Inside that 1-7 day period if you would like to request a re-grade, please email rohan.alexander@utoronto.ca and use the subject line “STA302: re-grade request”. Please specify where the marking mistake was made in relation to the marking guide. The entire assessment will be re-marked and it is possible that your grade could reduce.
Plenty of students get 0 on the first paper, but go on to get an A+ overall in the course. The nature of the work in this course requires students to adjust from what is expected in other courses, and the forgiving assessment weighting is designed to allow this.
Plagiarism and integrity
Please do not plagiarize. In particular, be careful to acknowledge the source of code—if it is extensive then through proper citation and if it is just a couple of lines from Stack Overflow then in a comment immediately next to the code.
You are responsible for knowing the content of the University of Toronto’s Code of Behaviour on Academic Matters.
Academic offenses include (but are not limited to) plagiarism, cheating, copying code without acknowledgement, purchasing labor for assessments (of any kind). Academic offenses will be taken seriously and dealt with accordingly. If you have any questions about what is or is not permitted in this course, please just email me.
Please consult the University’s site on Academic Integrity. Please also see the definition of plagiarism in section B.I.1.(d) of the University’s Code of Behaviour on Academic Matters available here. Please read the Code. Please review Cite it Right and if you require further clarification, consult the site How Not to Plagiarize.
Late policy
I am trying to develop you to be able to get a job as a professional data scientist.
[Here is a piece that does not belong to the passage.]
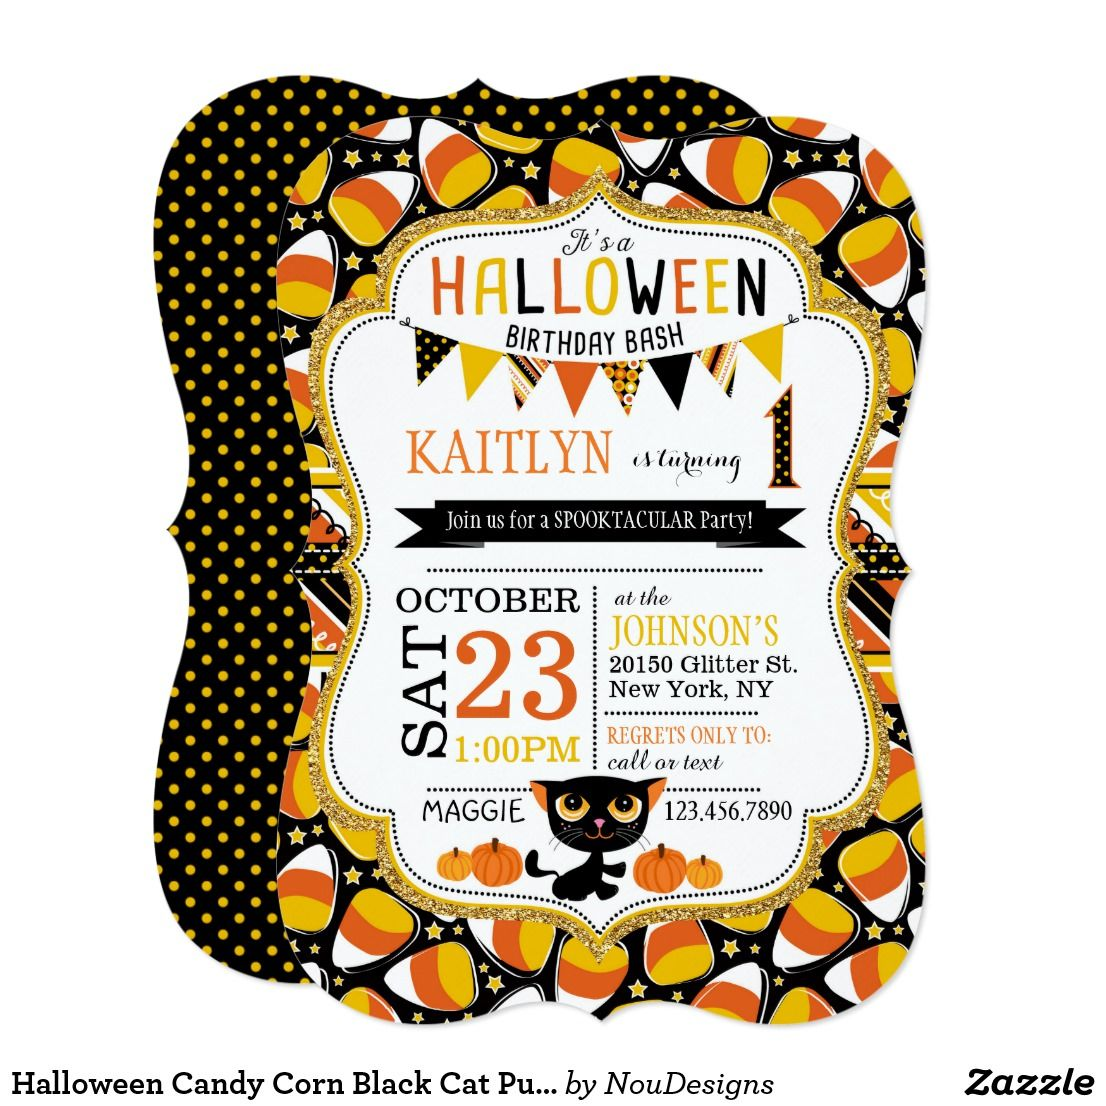 Halloween Candy Corn Black Cat Pumpkins Birthday

Part of that is learning to manage your time effectively.
If no extension has been granted and no accommodation applies, then the late submission of an assessment item carries a penalty of 10 percentage points per day to a maximum of one week after which it will no longer be accepted, e.g. a problem set submitted a day late that would have otherwise received 8/10 will receive 7/10, if that same problem set was submitted two days late then it would receive 6/10.
Term papers and the final paper cannot be accepted after marking has started.
Writing
Papers and reports should be well-written, well-organized, and easy to follow. They should flow easily from one point to the next. They should have proper sentence structure, spelling, vocabulary, and grammar. Each point should be articulated clearly and completely without being overly verbose. Papers should demonstrate your understanding of the topics you are studying in the course and your confidence in using the terms, techniques and issues you have learned. As always, references must be properly included and cited. If you have concerns about your ability to do any of this then please make use of the writing support provided to the faculty, colleges and the SGS Graduate Centre for Academic Communication.
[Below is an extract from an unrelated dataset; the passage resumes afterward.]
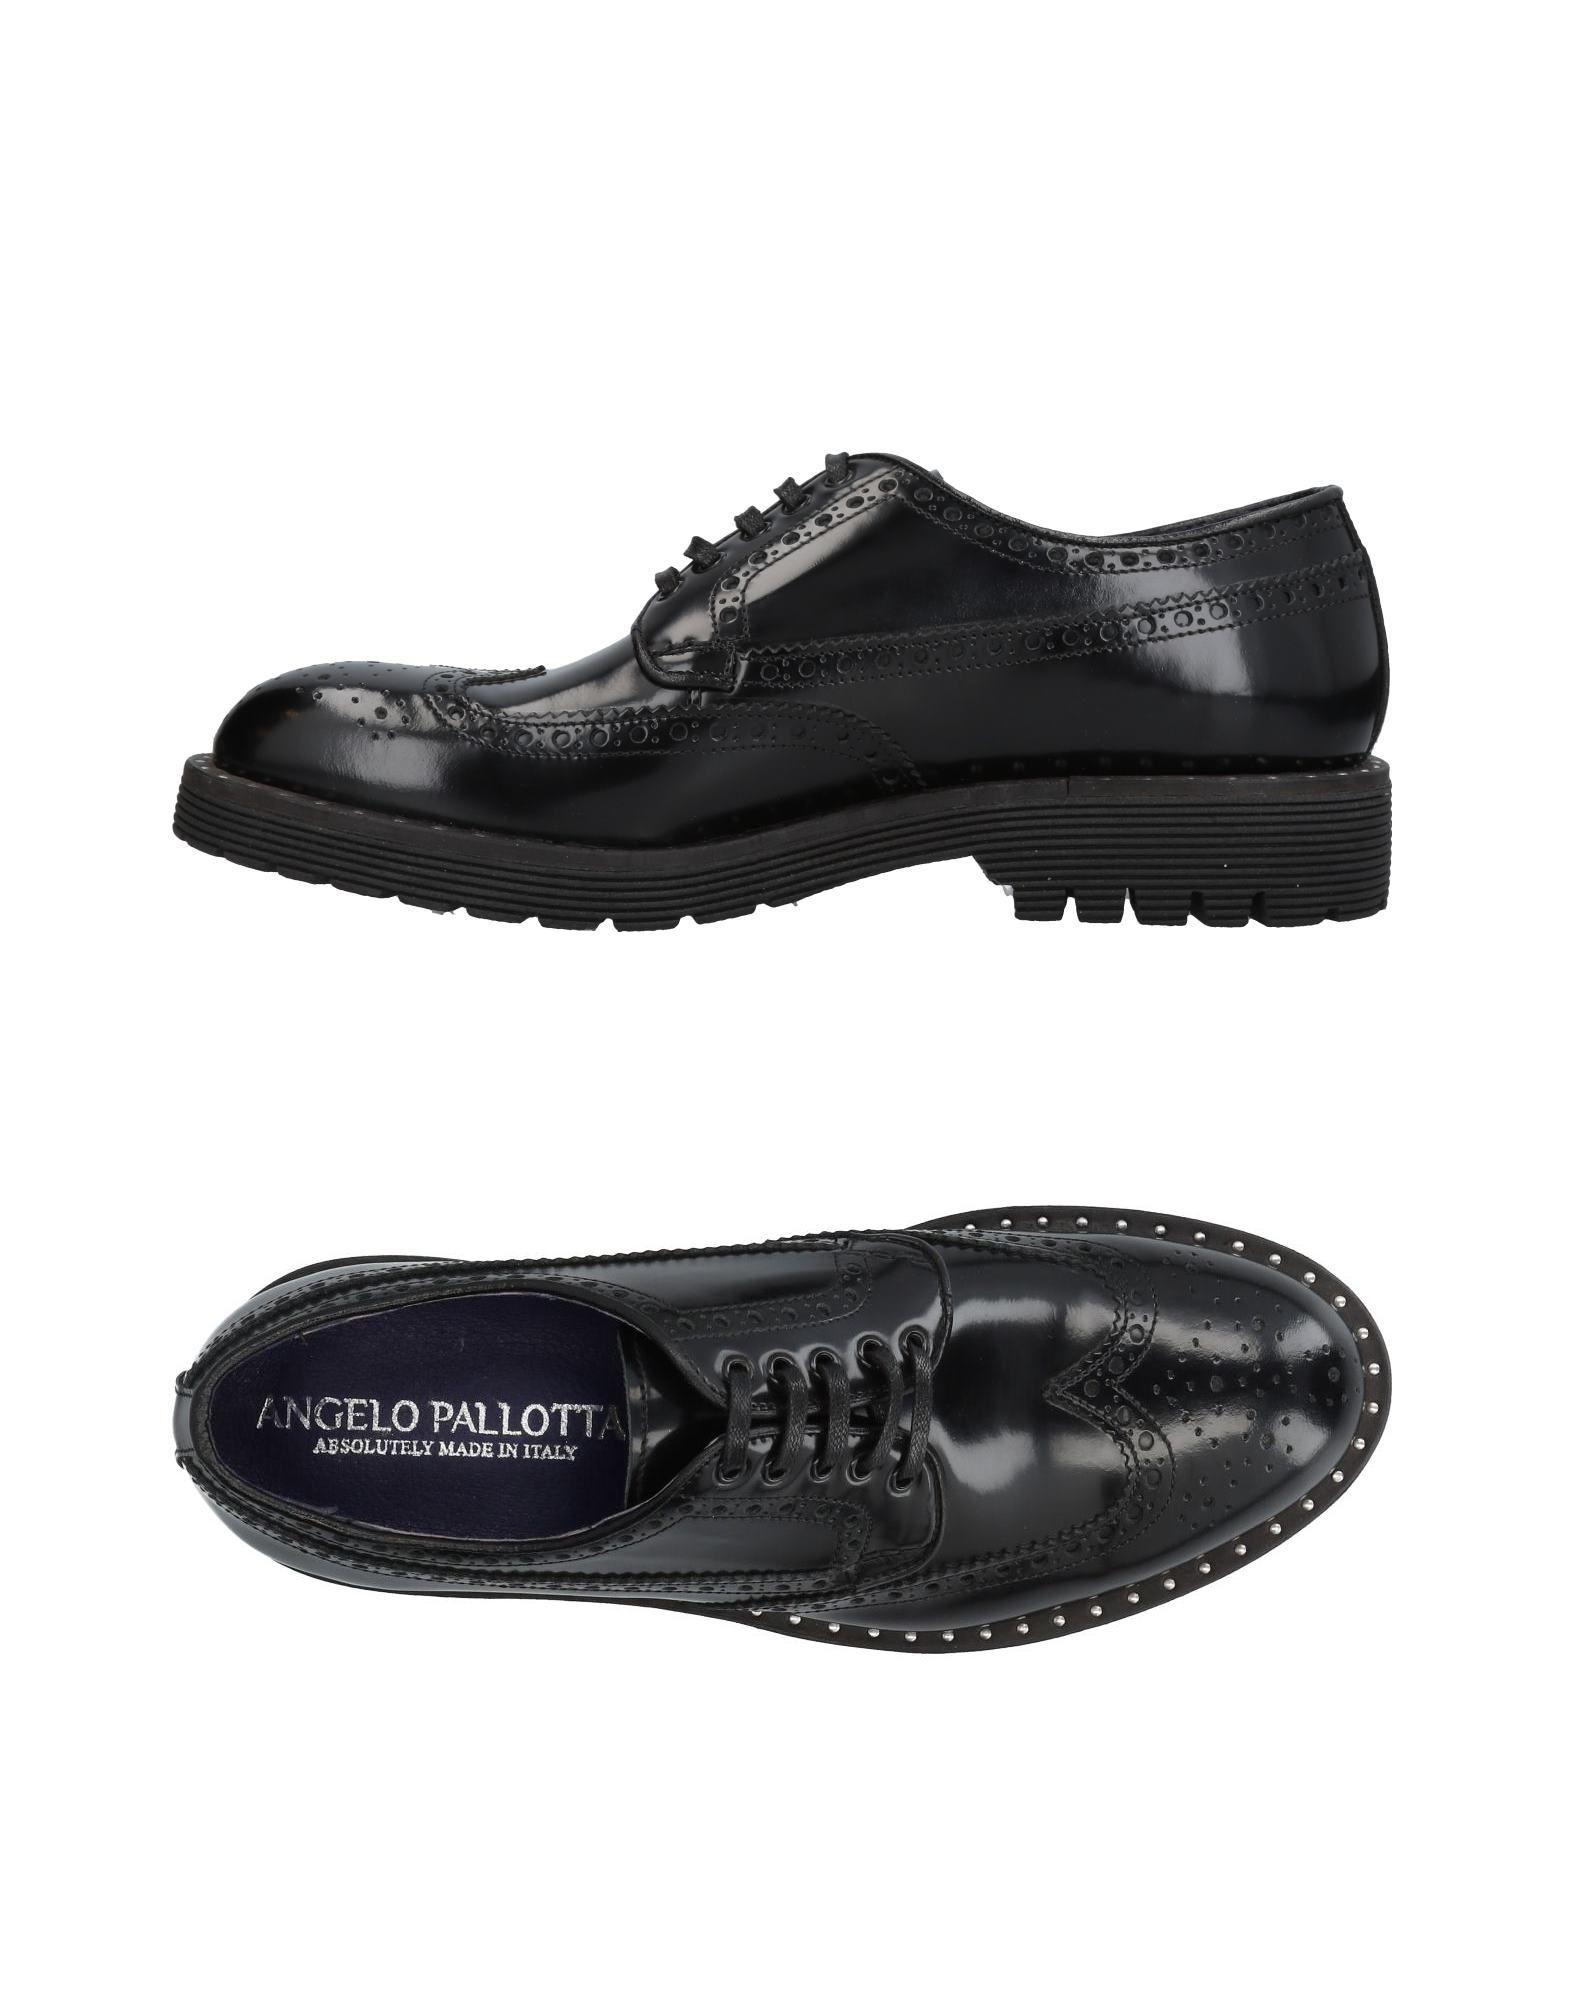 Angelo Pallotta Schnürschuhe Herren  11456206IQ Gute Qualität beliebte Schuhe

Minimum submission requirement
If you are going to not be able to submit at least two term papers, and/or be unable to submit the final paper then it would be unfair on the other students to allow you to pass the course. But it is not a situation that I want to get into. Please ensure you and your college registrar or faculty/department advisor get in touch with me as early as possible if this may be the case for you so that we can work out a solution.